Ставятся также эксперименты меньшего масштаба и часто со сглаженным когнитивным рельефом: практически никаких следов большинства описанных В. А. Штоффом атрибутов здесь обнаружить не удается. В гносеологическом плане такие познавательные паттерны используются для решения тех или иных вспомогательных вопросов, композиционной роли практически не играют, а с лингвистической точки зрения обычно выражаются в форме так называемого сложного синтаксического целого — не выделенной графически единицы речи, состоящей из нескольких предложений, раскрывающих одну микротему и объединенных по смыслу и структурно11. Для примера назовем то место из «Философии права» С. В. Моисеева, где с целью объяснения принципа различия Ролза в двух абзацах и с помощью небольшой таблицы очерчена искусственная ситуация выбора оптимального общества индивидом, который находится за занавесом неведения12. Или — переходя уже к практической юриспруденции — процитируем американского судью и автора «Общего права» О. У. Холмса, следующим образом опровергнувшего тезис о невозможности привлечения к уголовной ответственности женщин по так называемому «Акту о транспортировке белых рабов» 1910 г.: «Предположим, например, что профессиональная проститутка, которая так же хорошо может позаботиться о себе, как и мужчина, предложит ему и совершит поездку, упоминаемую актом 1910 г., в надежде шантажировать мужчину, и купит железнодорожный билет или оплатит проезд от Джерси до Нью-Йорка. В таком случае она подпадет под действие акта 1910 г., и мы не видим, почему она не должна нести ответственности»13.

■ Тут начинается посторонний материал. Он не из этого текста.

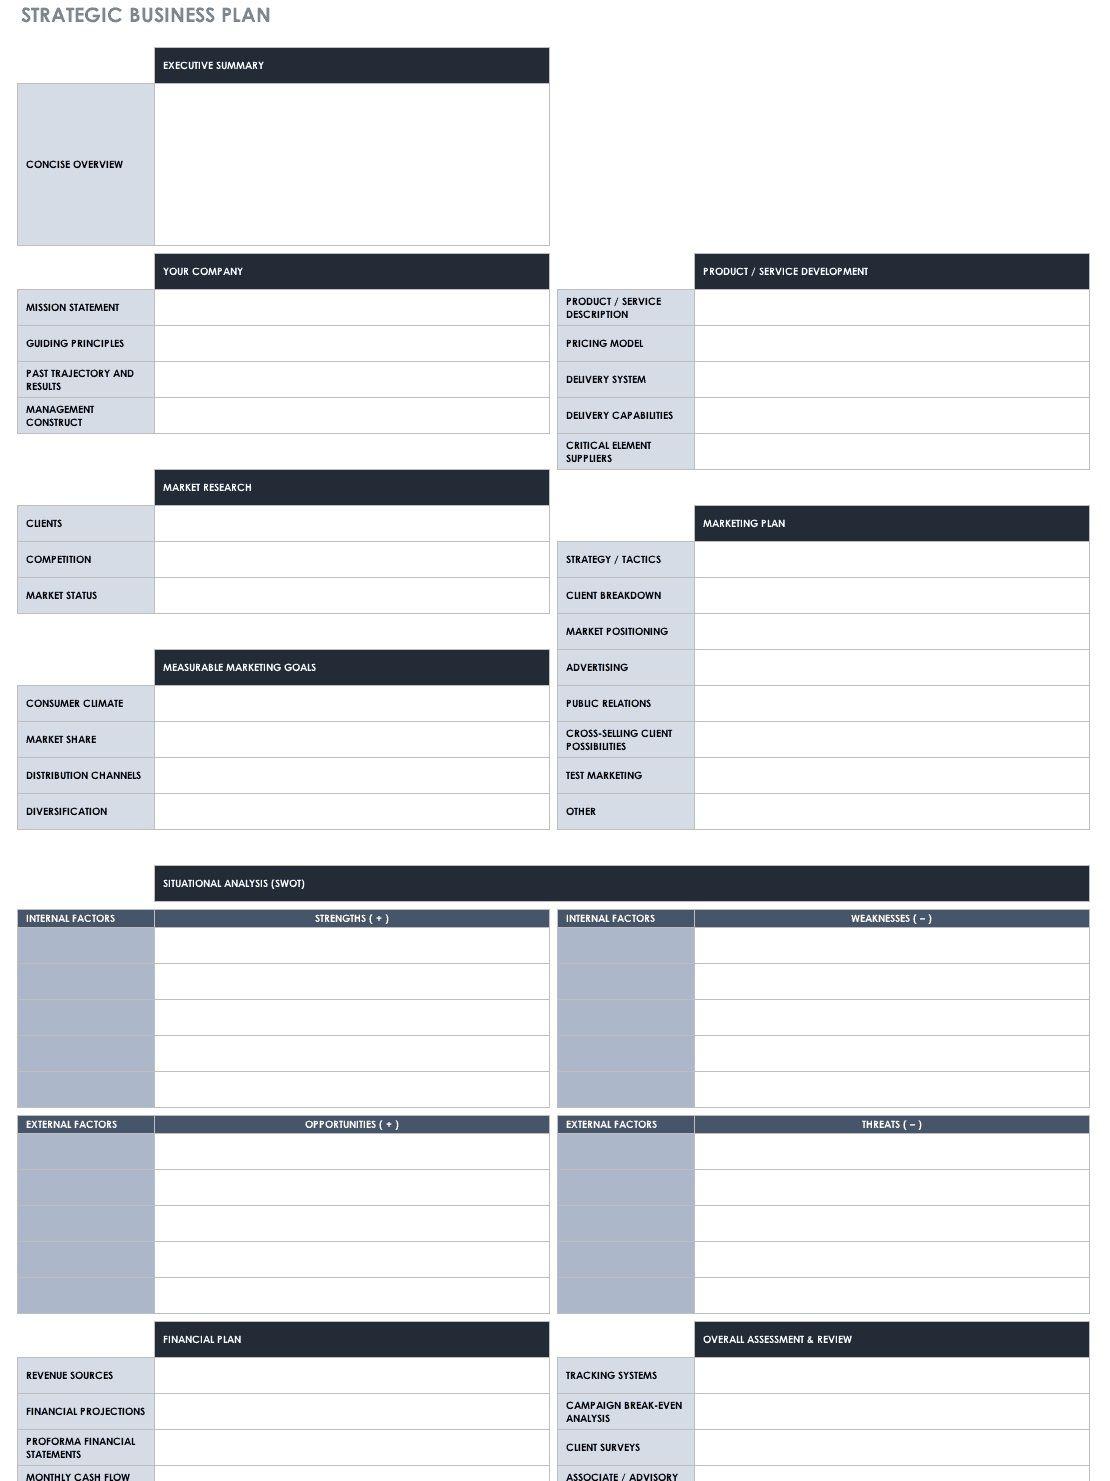 007 Impressive Strategic Busines Plan Template Highest Quality  Doc Word SampleFull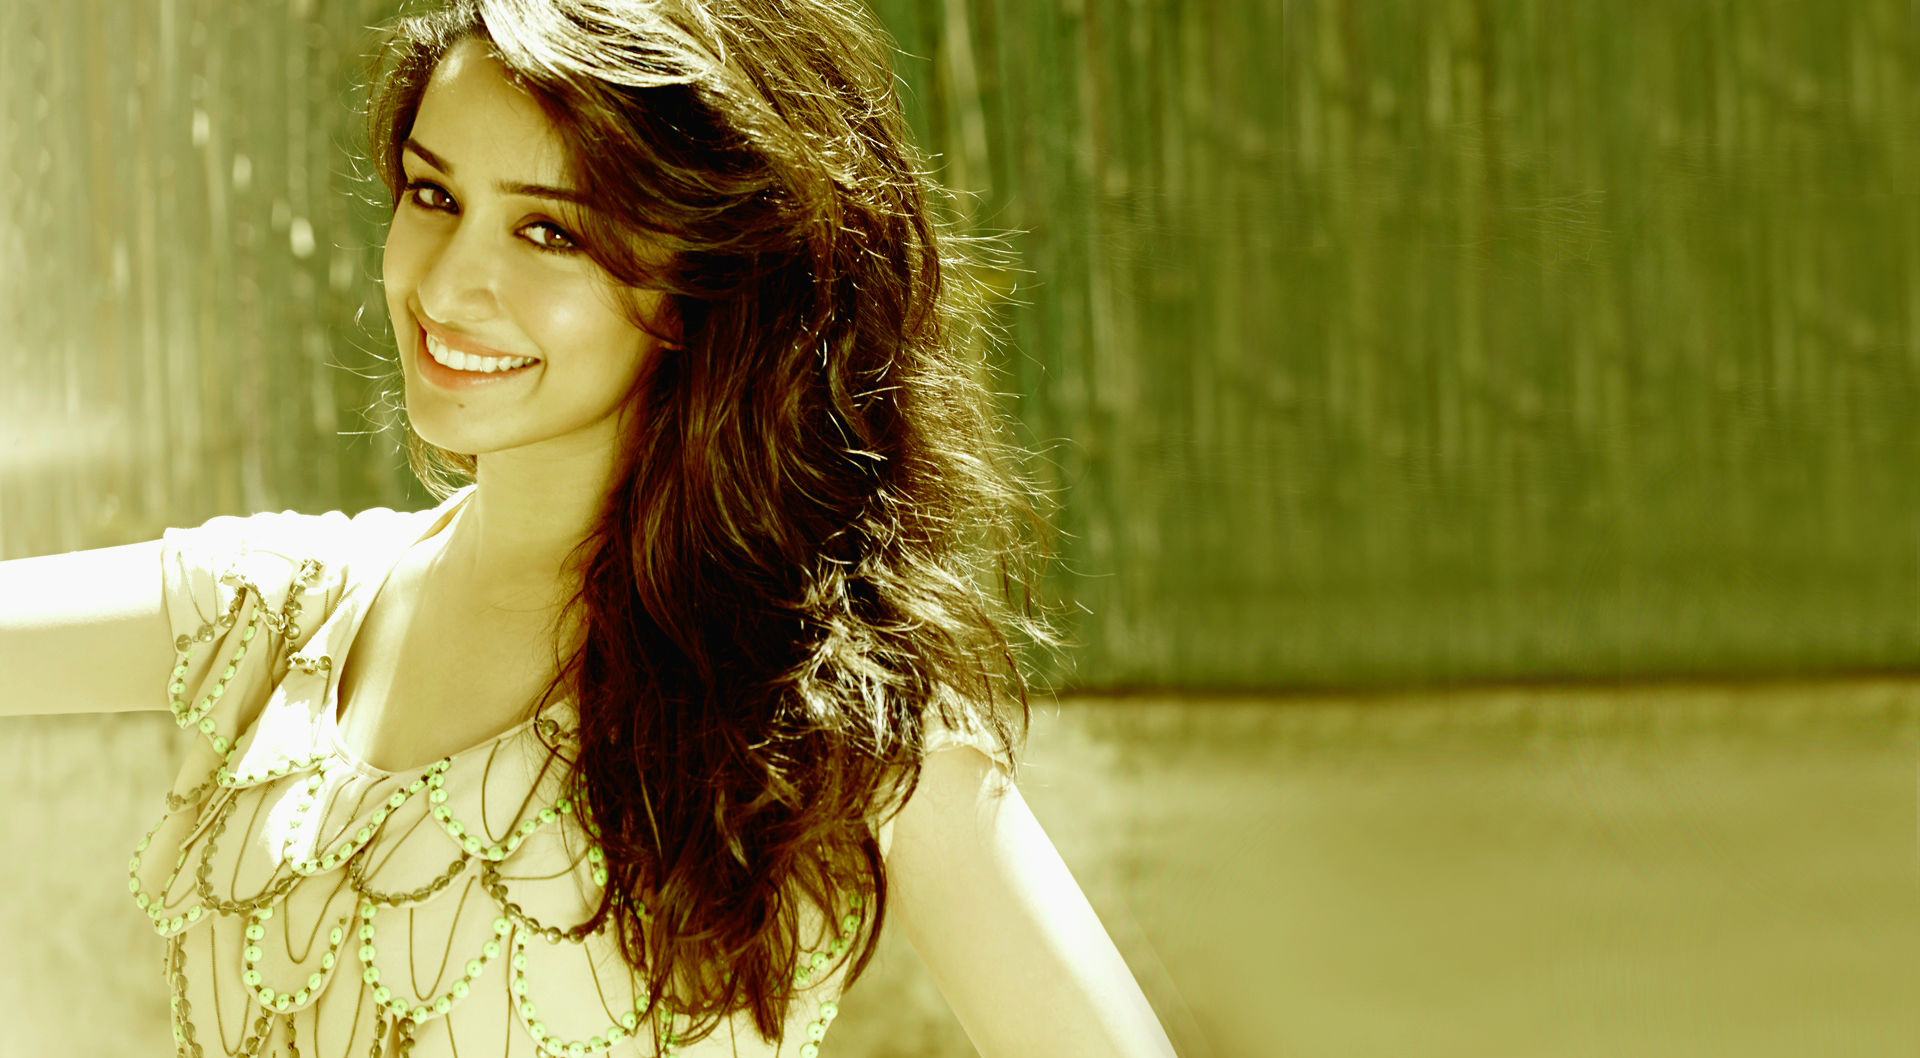 Shraddha Kapoor Cute Smile • PoPoPics.com

Продолжая намечающуюся типологию, умственные операции среднего и небольшого формата мы бы обозначили как макроэксперименты. По мере продвижения вглубь слоев порождения и вербализации смыслов, видимо, удалось бы добраться до микроуровня — содержащих свернутый операциональный план изобразительных вкраплений непосредственно в состав отдельных предложений научного текста. Такова, допустим, бритва Оккама, в семантическом отношении оказывающаяся схемой выбора лучшего из конкурирующих объяснений14.

Не заходя столь далеко, обратимся к истории конкретного малообъемного философско-правового мысленного опыта.

Пуфендорф

Экстремальный и трагический случай крайней необходимости — коллизия человеческих жизней в том ее варианте, в котором количество выживших равно количеству погибших вследствие усилий, предпринятых в целях предотвращения гибели первых. В посвященной этой проблематике литературе нередко всплывает так называемая доска спасения — воображаемая кризисная ситуация противоборства двух очутившихся в открытом море жертв кораблекрушения за оказавшийся рядом деревянный обломок их затонувшего судна. Данная гипотетическая модель связана с именем немецкого теоретика права и юриста-международника XVII в. С. Пуфендорфа. Так, еще в 1962 г. Н. Н. Паше-Озерский в характерном для тех лет духе писал: «Буржуазные криминалисты долгое время высказывались по поводу приобретшей в буржуазной литературе известность „Пуфендорфовой доски спасения“ (орфография автора. — Г. С. 15. За истекшие десятилетия риторические интонации, а частично и теоретические приоритеты изменились, однако отечественные юристы и философы единогласно возводят этот образ к названному немецкому ученому16.

Увидевший свет в 1673 г. трактат Пуфендорфа «Об обязанностях человека и гражданина по естественному закону» действительно гласит: «Если двое подвергаются непосредственной смертельной опасности, при которой оба должны погибнуть, то одному из них, чтобы спасти себя, допустимо сделать что-нибудь, что может ускорить смерть другого. <…> Так и во время кораблекрушения, когда я схватил доску, которой двоих не удержать, если подплывающий человек попытается броситься на одну (ту же самую. — Г. С. ) доску и, скорее всего, мы разобьемся оба, я вправе оттолкнуть его силой»17.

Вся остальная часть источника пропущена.